The OWGR, and to an extent even its own strokes-gained world rating, is more concerned with how golfers fare against one another than how they fare against the assortment of courses they play. The objective of a golf tournament is to win, of course, so winning would need to be rewarded in the PGHI formula. But the OWGR’s reliance on strength of field also makes it a self-fulfilling prophecy: a field’s strength is determined by the World Ranking of its players, which those players achieve by playing in events with strong fields. (Raise your hand if your head hurts.)

The Pro Handicap, meanwhile, eliminates most of the subjectivity of determining one tournament’s worth over another, and returns to the simpler questions of how well you play on these level of courses under these specific circumstances. Again, if the objective is to round up the most qualified golfers for the most important tournaments, this could do it.

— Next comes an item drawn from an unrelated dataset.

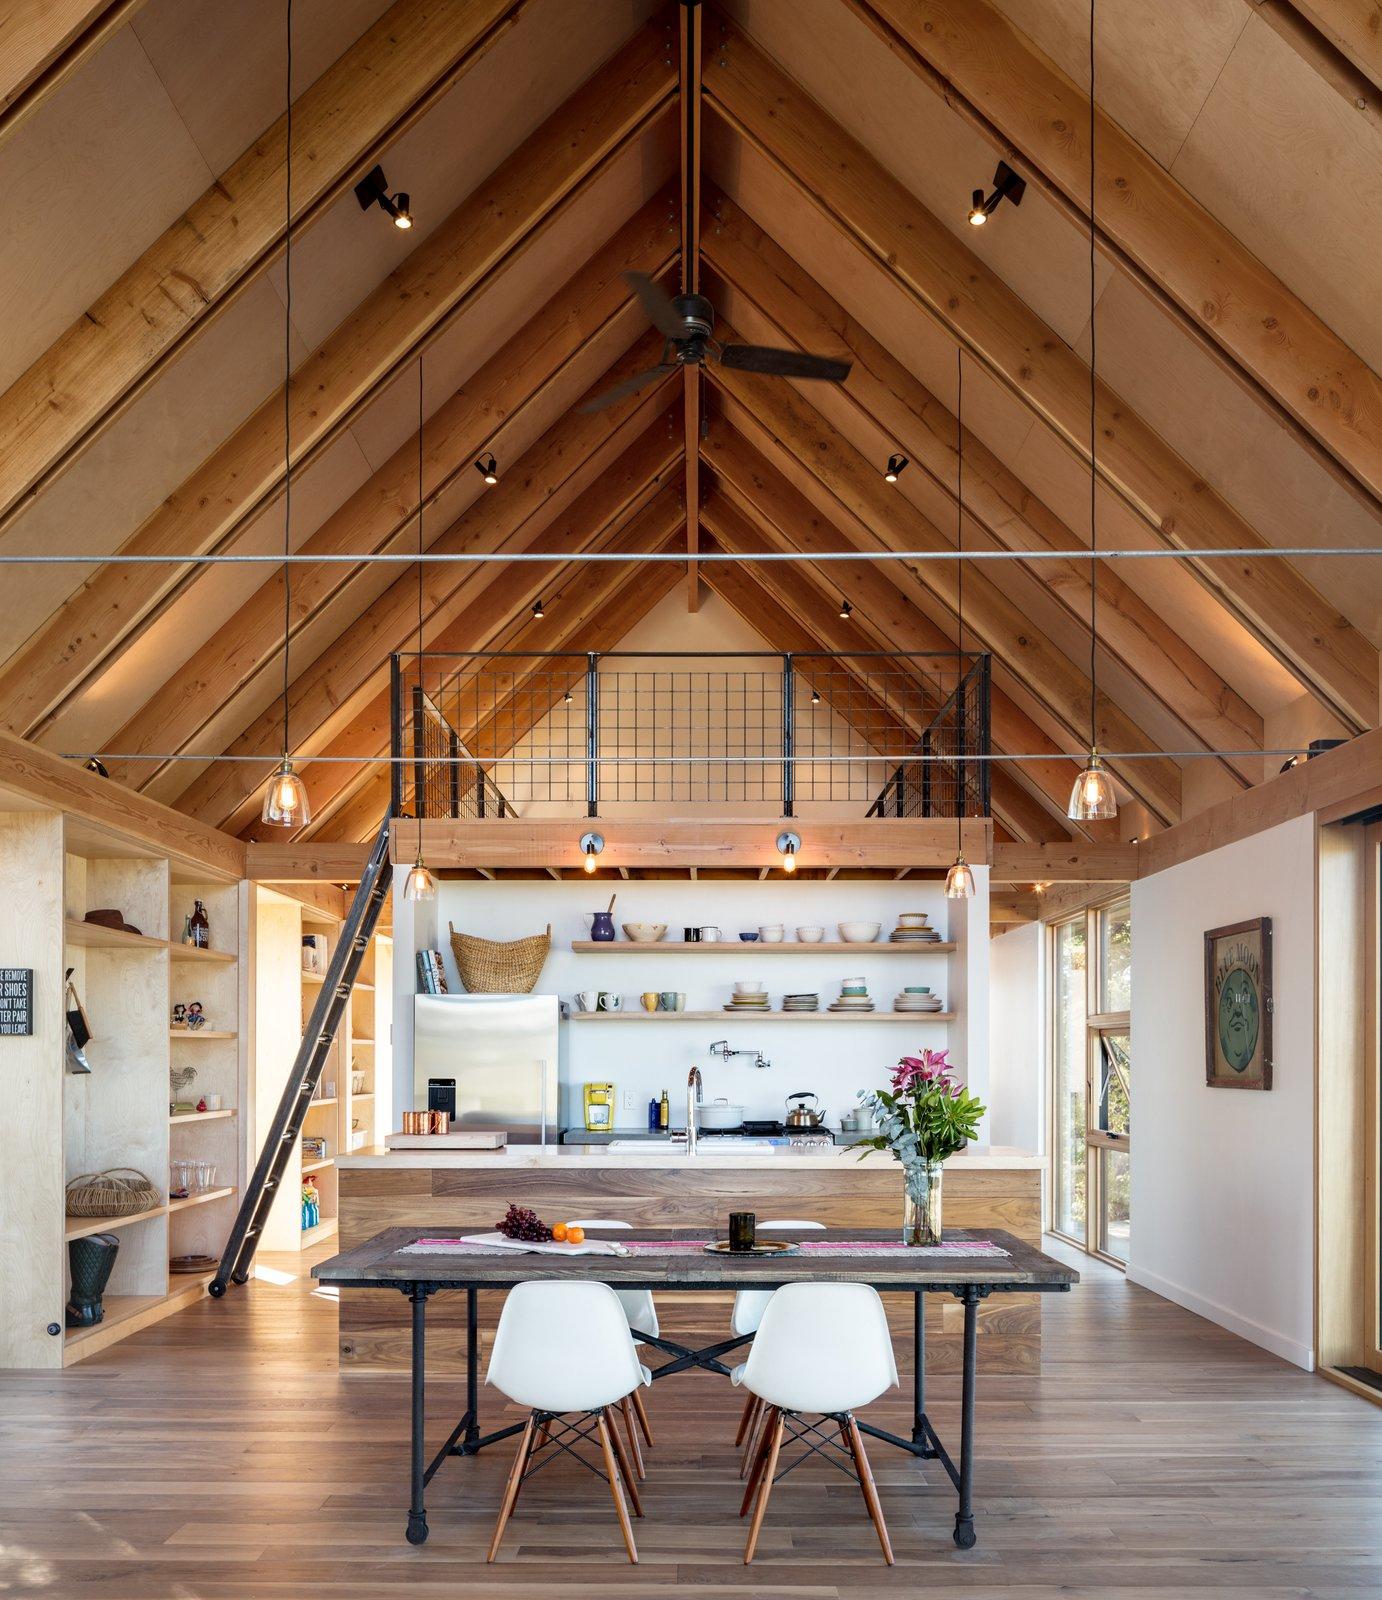 Dining Room, Chair, Pendant Lighting, Medium Hardwood Floor, Shelves, Table, and Ceiling Lighting  Big Cabin | Little Cabin by Renée del Gaudio Architecture

If a LIV golfer not already exempt wants to prove why he deserves inclusion in the most important tournaments, the path to do so would be there. But that path is narrower for a reason. An Adjusted Course Rating would reflect LIV courses that are set up generally easier than those on the PGA Tour, and the Situational Difficulty Index would likely reveal most LIV tournament rounds by definition don’t present as steep a challenge. You’re playing against only 47 players, for starters, and since the formula gives greater weight to rounds as tournaments progress, LIV’s 54-hole format means its final round won’t be as “heavy” as the fourth round of a 72-hole event.

If you’ve read this far, it’s because you either think the Pro Handicap has real merit or because you think it’s so absurd you can’t look away. In fact both might be true. The Pro Handicap is indeed an imperfect system. But given the imperfect state of golf these days, and the imperfect system it endeavors to replace, it still might actually work.